Bias, Risks, and Limitations#

  • The models are being released for research purposes only and are not intended for use cases that require high levels of factuality, safety critical situations, health, or medical applications, generating false information, facilitating toxic conversations.

  • Model checkpoints are made accessible without any safety promises. It is crucial for users to conduct comprehensive evaluations and implement safety filtering mechanisms as per their respective use cases.

  • It may be possible to prompt the model to generate content that may be factually inaccurate, harmful, violent, toxic, biased, or otherwise objectionable.
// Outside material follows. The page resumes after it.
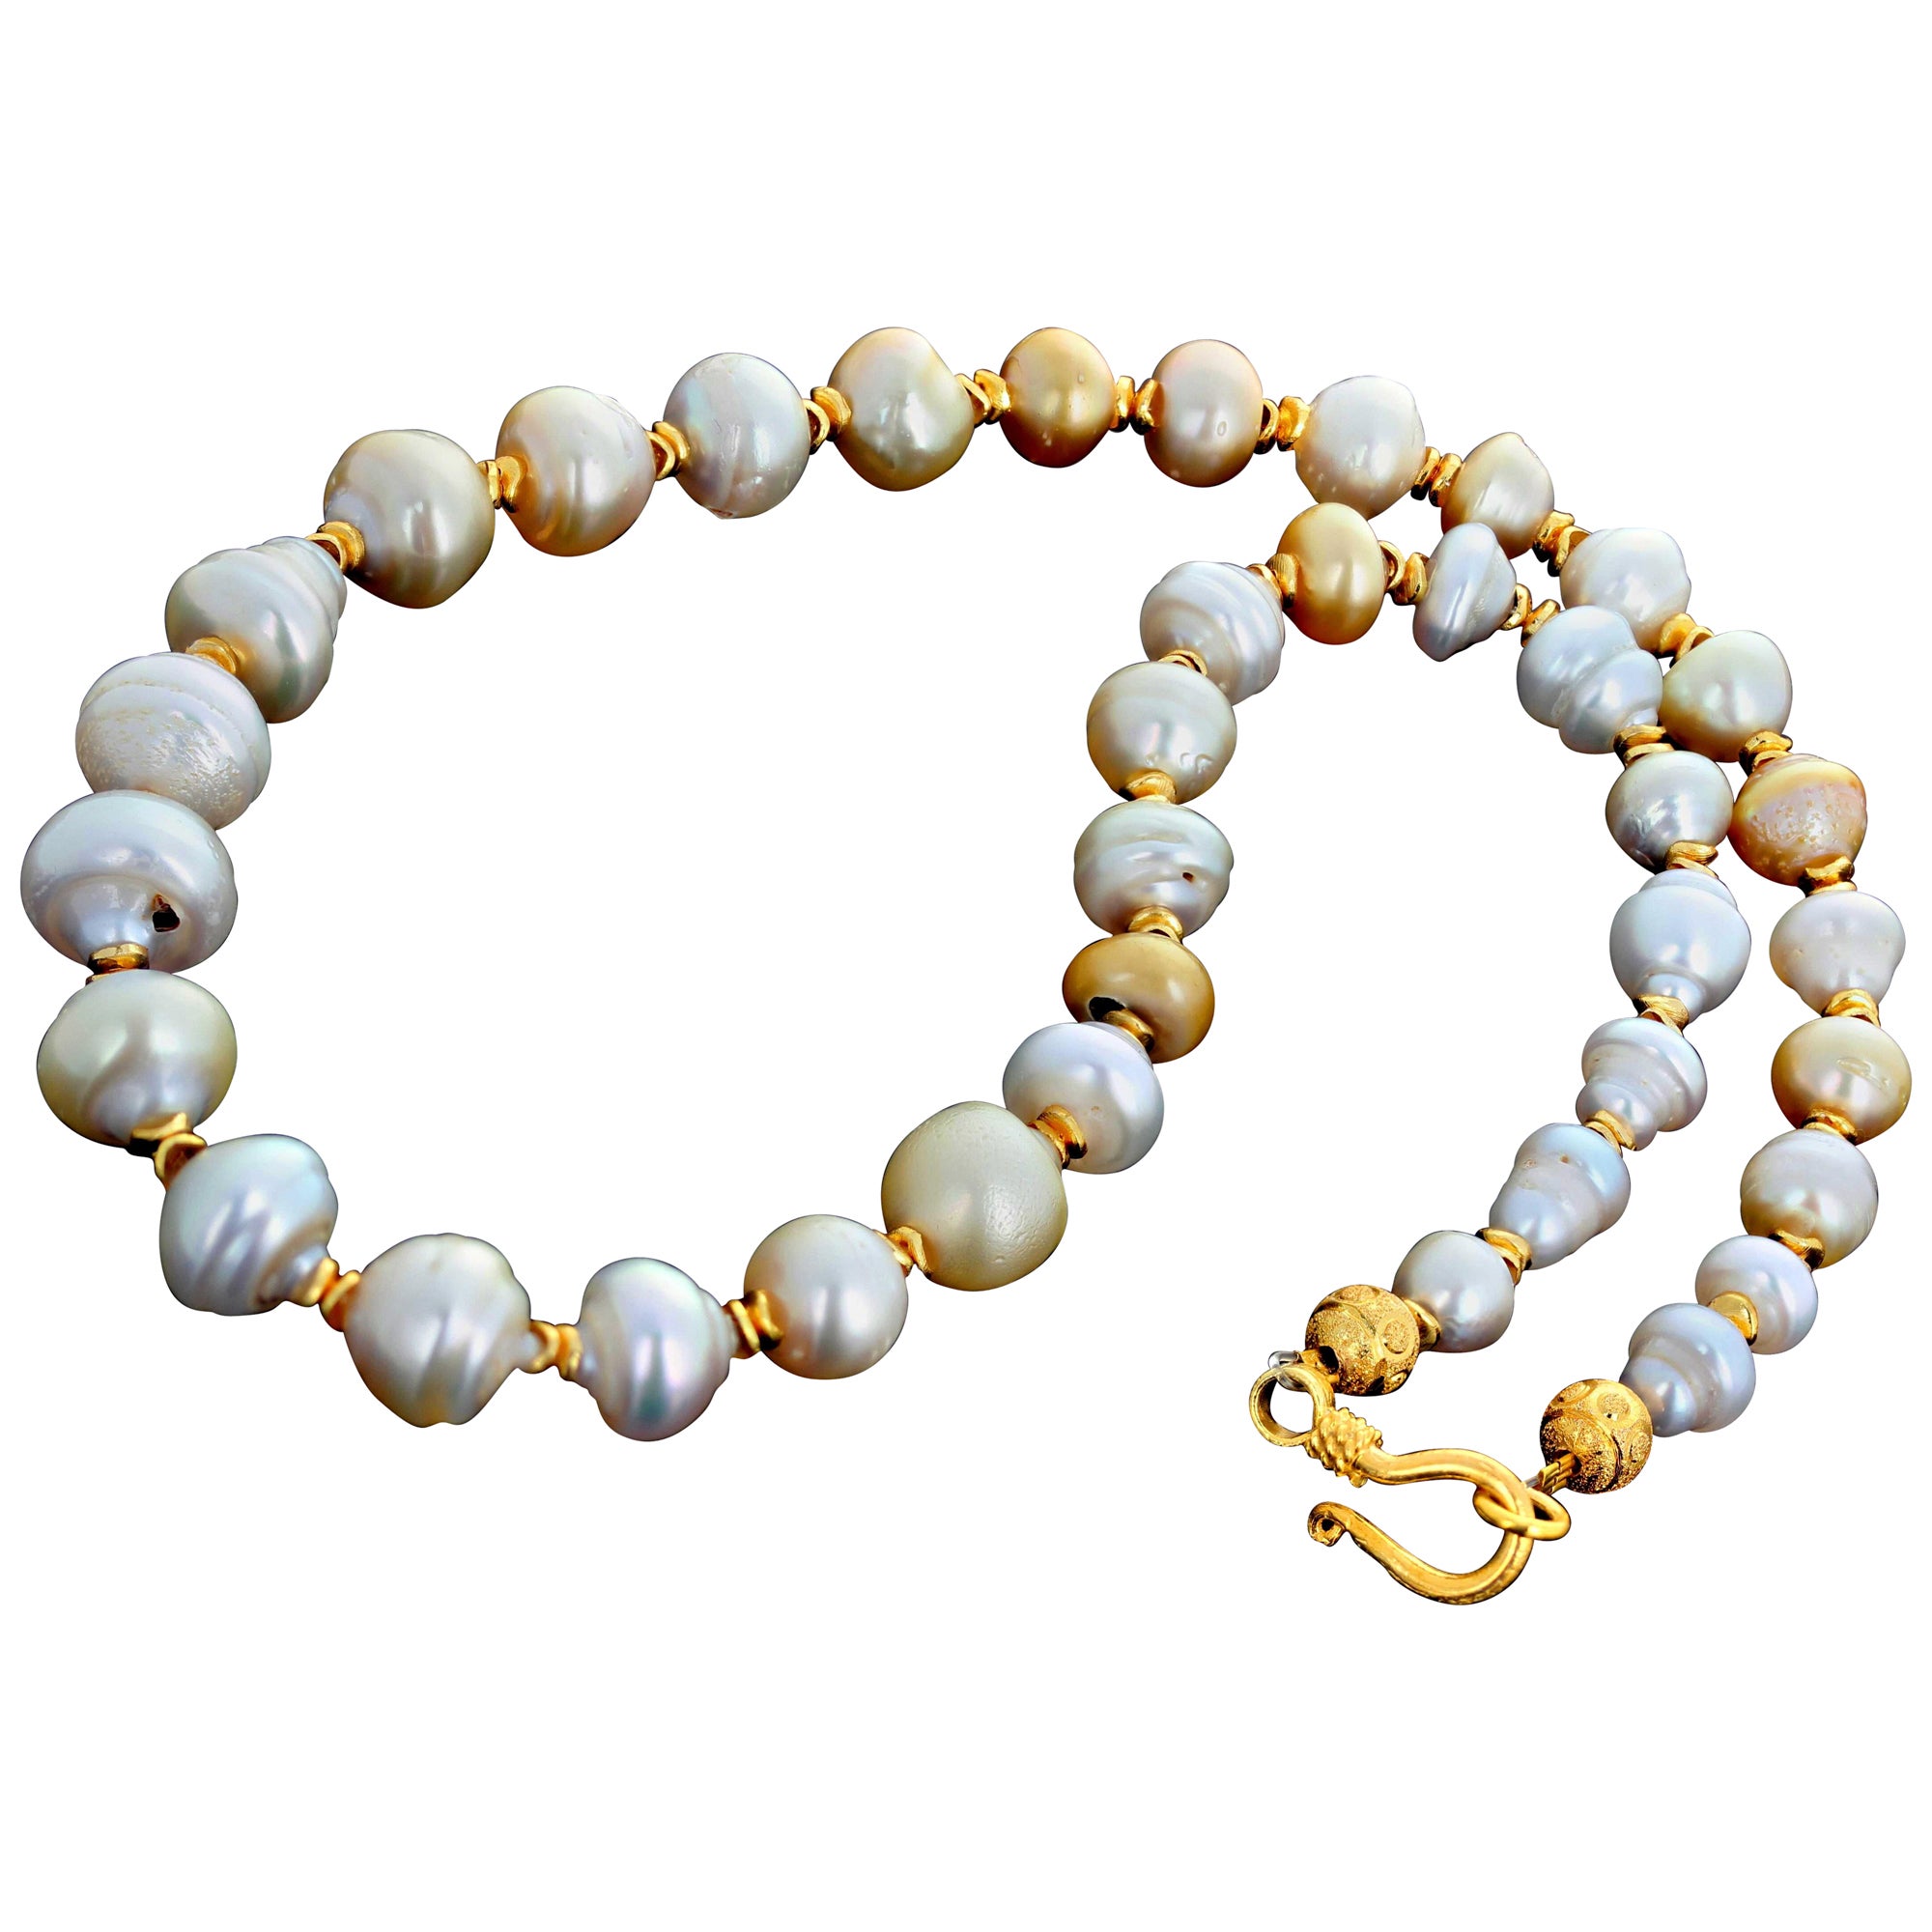 Absolutely gorgeous natural real Tahitian Ocean Pearls  create this magnificent Pearl necklace.  The largest Pearl is 14.8mm.  The gold plated spacers enhance the glowing of all of the slightly different colors of these beautiful white/creamy/gold

Such content may also get generated by prompts that did not intend to produce output as such. Users are thus requested to be aware of this and exercise caution and responsible thinking when using the model.

  • Multi-lingual abilities of the models have not been tested and thus may misunderstand and generate erroneous responses across different languages.

License#

The Instella-VL-1B model is licensed for academic and research purposes under a ResearchRAIL license.

Refer to the LICENSE and NOTICES files for more information.

Contributors#

Core contributors: Ximeng Sun, Aditya Kumar Singh, Gowtham Ramesh, Zicheng Liu

Contributors Pratik Prabhanjan Brahma, Ze Wang, Jiang Liu, Jialian Wu, Prakamya Mishra, Xiaodong Yu, Yusheng Su, Sudhanshu Ranjan, Emad Barsoum

Citations#

Feel free to cite our Instella-VL-1B model:

@misc{Instella-VL-1B, 
    title = {Instella-VL-1B: First AMD Vision Language Model}, 
    url = {https://huggingface.co/amd/Instella-VL-1B}, 
    author = {Ximeng Sun, Aditya Singh, Gowtham Ramesh, Jiang Liu, Ze Wang, Sudhanshu Ranjan, Pratik Prabhanjan Brahma, Prakamya Mishra,  Jialian Wu, Xiaodong Yu, Yusheng Su, Emad Barsoum, Zicheng Liu}, 
    month = {March}, 
    year = {2025} 
} 

Disclaimers#

Third-party content is licensed to you directly by the third party that owns the content and is not licensed to you by AMD. ALL LINKED THIRD-PARTY CONTENT IS PROVIDED “AS IS” WITHOUT A WARRANTY OF ANY KIND. USE OF SUCH THIRD-PARTY CONTENT IS DONE AT YOUR SOLE DISCRETION AND UNDER NO CIRCUMSTANCES WILL AMD BE LIABLE TO YOU FOR ANY THIRD-PARTY CONTENT. YOU ASSUME ALL RISK AND ARE SOLELY RESPONSIBLE FOR ANY DAMAGES THAT MAY ARISE FROM YOUR USE OF THIRD-PARTY CONTENT.